Open ByronHsu opened 2 weeks ago

ByronHsu commented 2 weeks ago

As part of SGLang Issue #1487, SGLang plans to move vLLM to optional dependencies and use flashinfer as the main dependency.

I am working on moving rope to flashinfer. My plan is to reuse most of the existing vllm rope but replace ops.rotary_embedding and ops.batch_rotary_embedding with flashinfer's kernel, which can be found here.

However, I've noticed some gaps between the vLLM and flashinfer implementations:

  1. Cos_sin_cache: vLLM pre-computes the cos_sin_cache in the constructor, whereas flashinfer computes it on-the-fly.
  2. Offsets and indptr instead of positions: It's tricky to convert positions back to offsets + indptr.
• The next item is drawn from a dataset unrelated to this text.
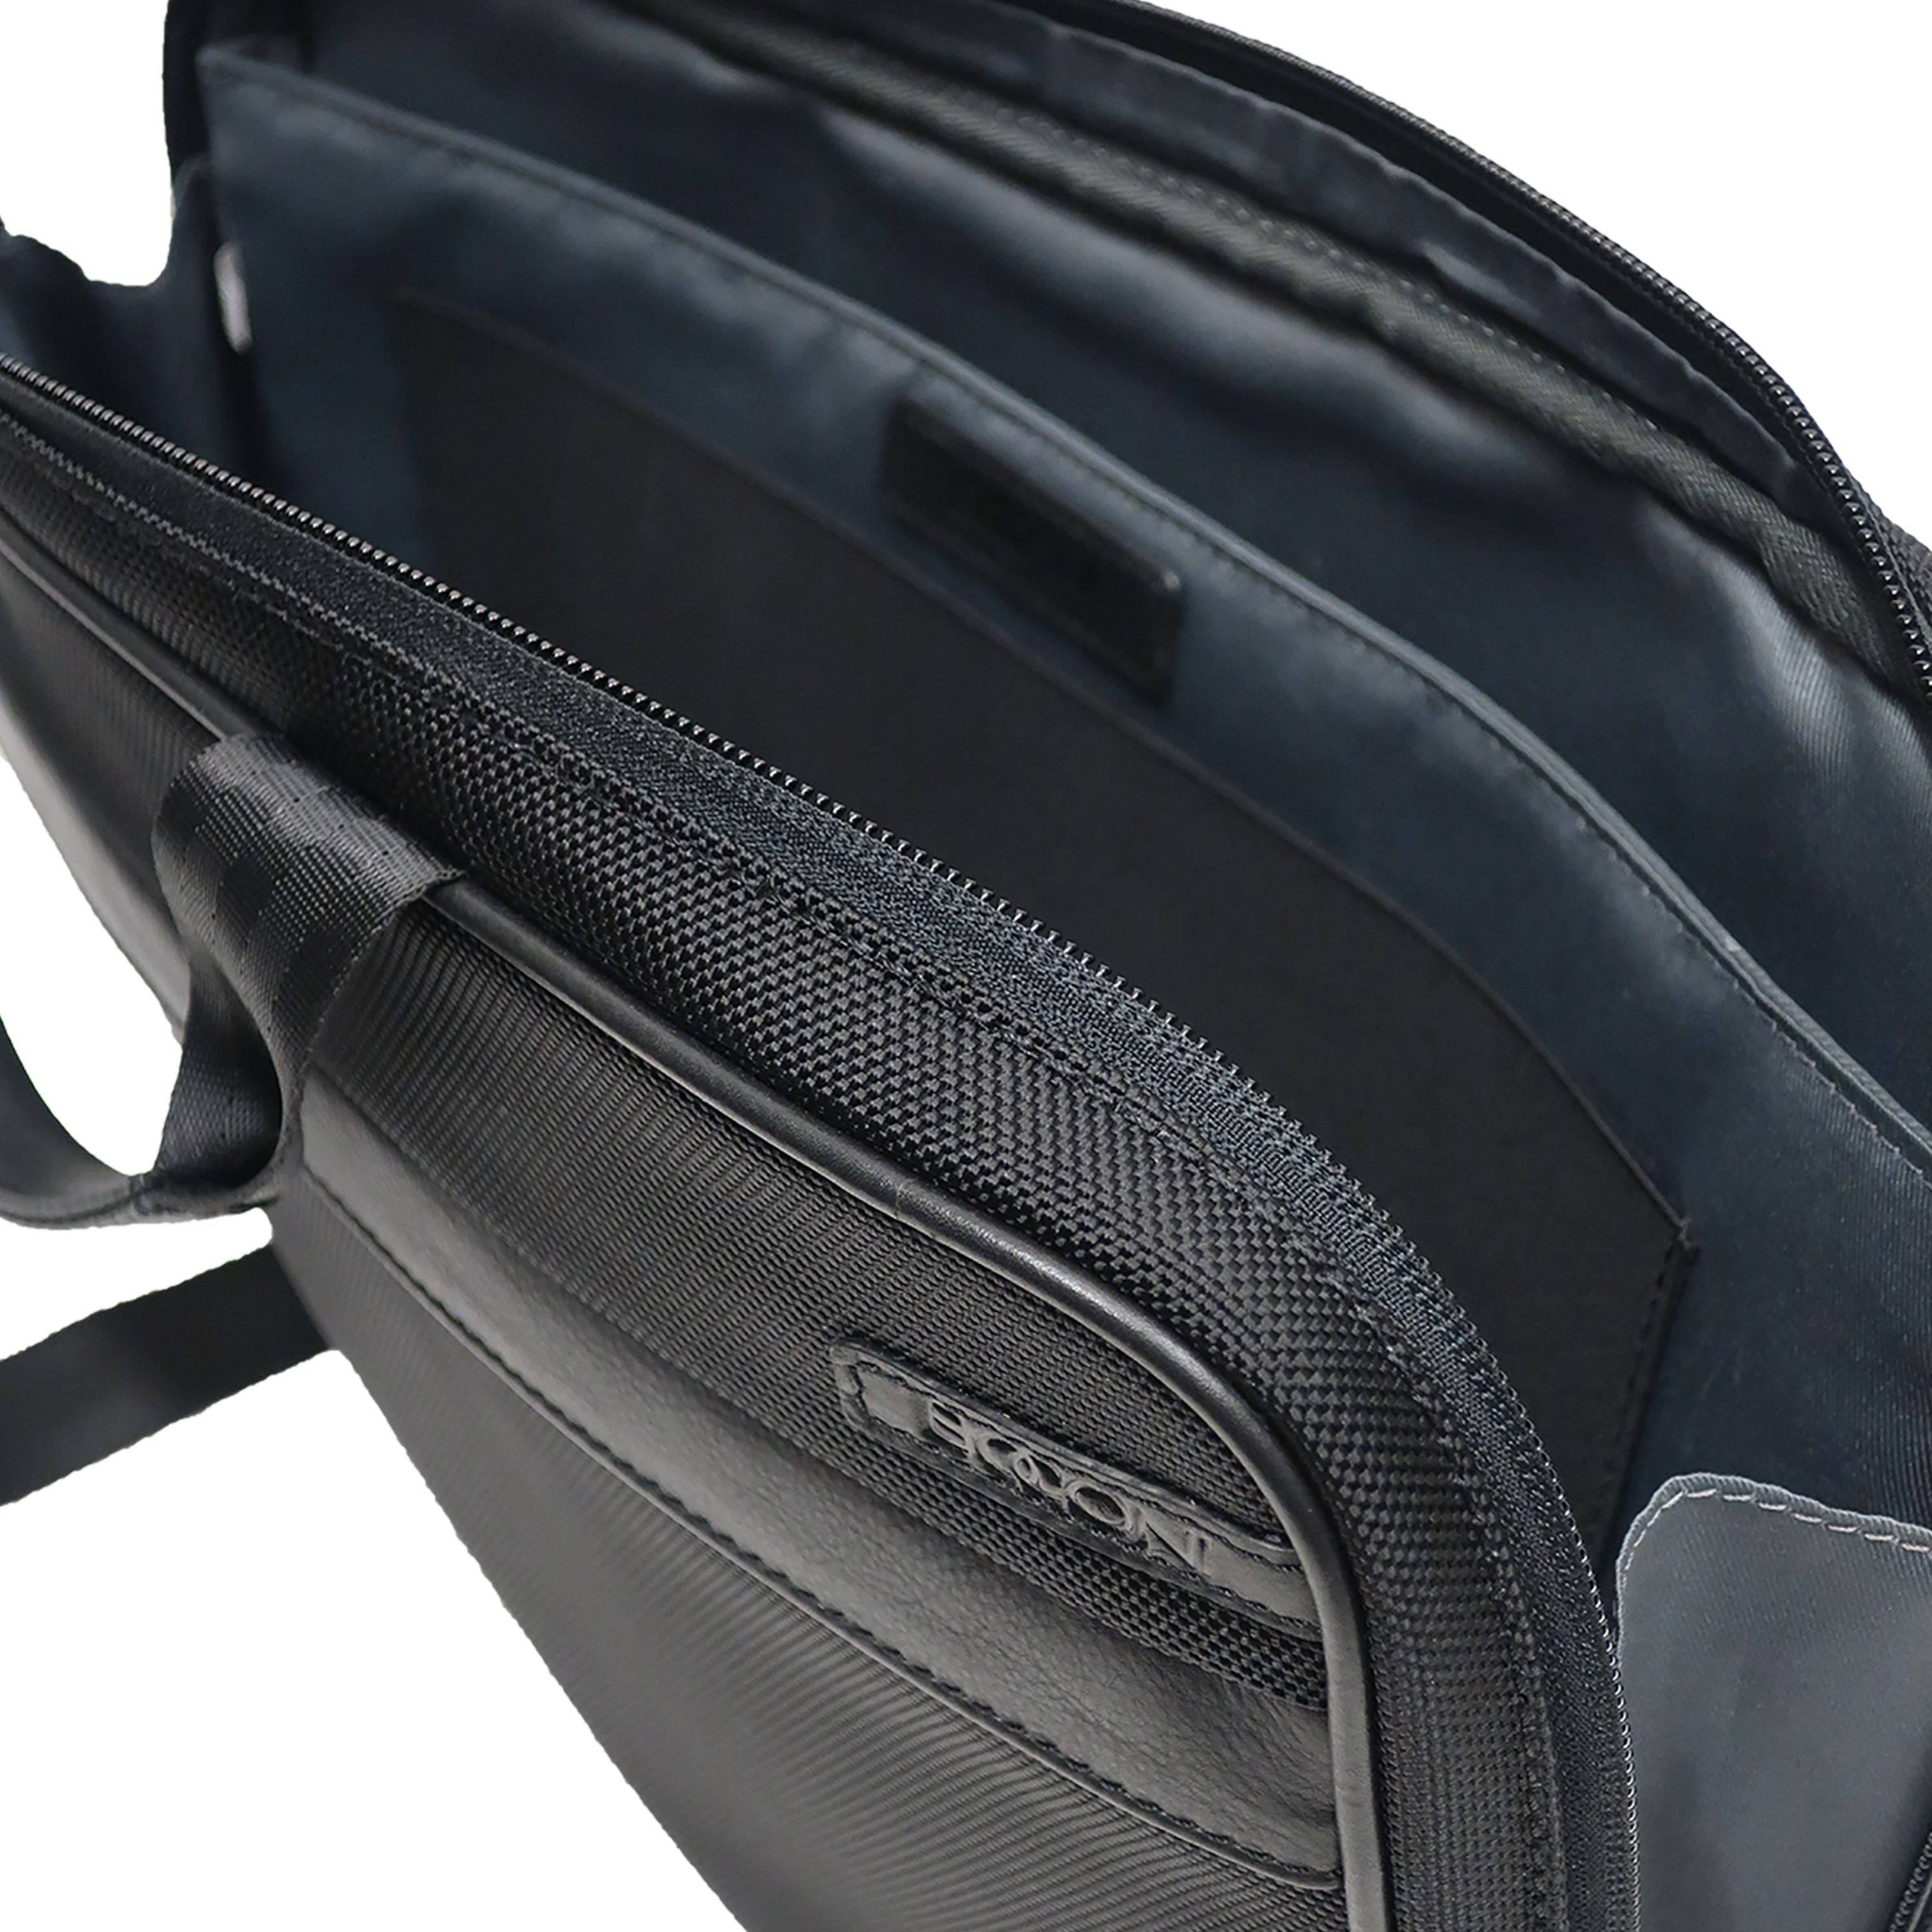 padded laptop sleeve ballistic nylon leather trim laptop bag

Can we support positions directly?
  3. Partial rotate: vLLM supports a partial rotation where the rotary dimension is less than the head dimension.
  4. Batched rope for multi-Lora: For more context, see vLLM pull request #3095.
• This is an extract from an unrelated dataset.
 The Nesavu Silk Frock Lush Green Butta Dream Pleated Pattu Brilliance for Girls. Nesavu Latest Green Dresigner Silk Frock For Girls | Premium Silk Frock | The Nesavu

In general, we can prioritize the first three issues and consider the fourth as a stretch goal.

yzh119 commented 2 weeks ago

Hi @ByronHsu , thanks for your suggestions, I think 1 & 3 are easy to support.

For 1, we can adding sin_cache and cos_cache as optional fields to the rope apis. For long context, there might be some numerical issues with f16 sin/cos cache so we should also support f32 sin/cos cache (Our current on-the-fly sin/cos computation uses f32).

For 3, yes we can add another rope_dim field for partial rope.

Can you give a concrete example of 2?

yzh119 commented 2 weeks ago

Okay I think I understand 2 now, for example, if batch_size=3, and indptr=[0, 1, 5, 10], and offsets=[4, 6, 3]. Then a equivalent positions would be: [4, 6, 7, 8, 9, 3, 4, 5, 6, 7].

Is that true?

ByronHsu commented 2 weeks ago

Okay I think I understand 2 now, for example, if batch_size=3, and indptr=[0, 1, 5, 10], and offsets=[4, 6, 3]. Then a equivalent positions would be: [4, 6, 7, 8, 9, 3, 4, 5, 6, 7].

Yes exactly! Thank you for the prompt response! All sounds good to me.

One comment: Can we separate the new API from the current 4 flashinfer's rope functions and provide the exact same interface with vLLM? Several reasons:

  1. apply_rope_inplace only implements the formula on the original paper, but in reality there are much more variants
  2. It makes all vllm's kernel users easy to migrate

Maybe we can call this apply_rope_inplace_with_cache, which does not calculate rope on the fly and support my proposed features

def apply_rope_inplace_with_cache(
    positions: torch.Tensor,
    query: torch.Tensor,
    key: torch.Tensor,
    head_size: int,
    cos_sin_cache: torch.Tensor,
    is_neox: bool,
) -> None:
   ...
ByronHsu commented 2 weeks ago

I did a global search and found ops.batch_rotary_embedding is not used in SGLang (looks like not in vLLM too). So we can safely skip 4th feature. thanks!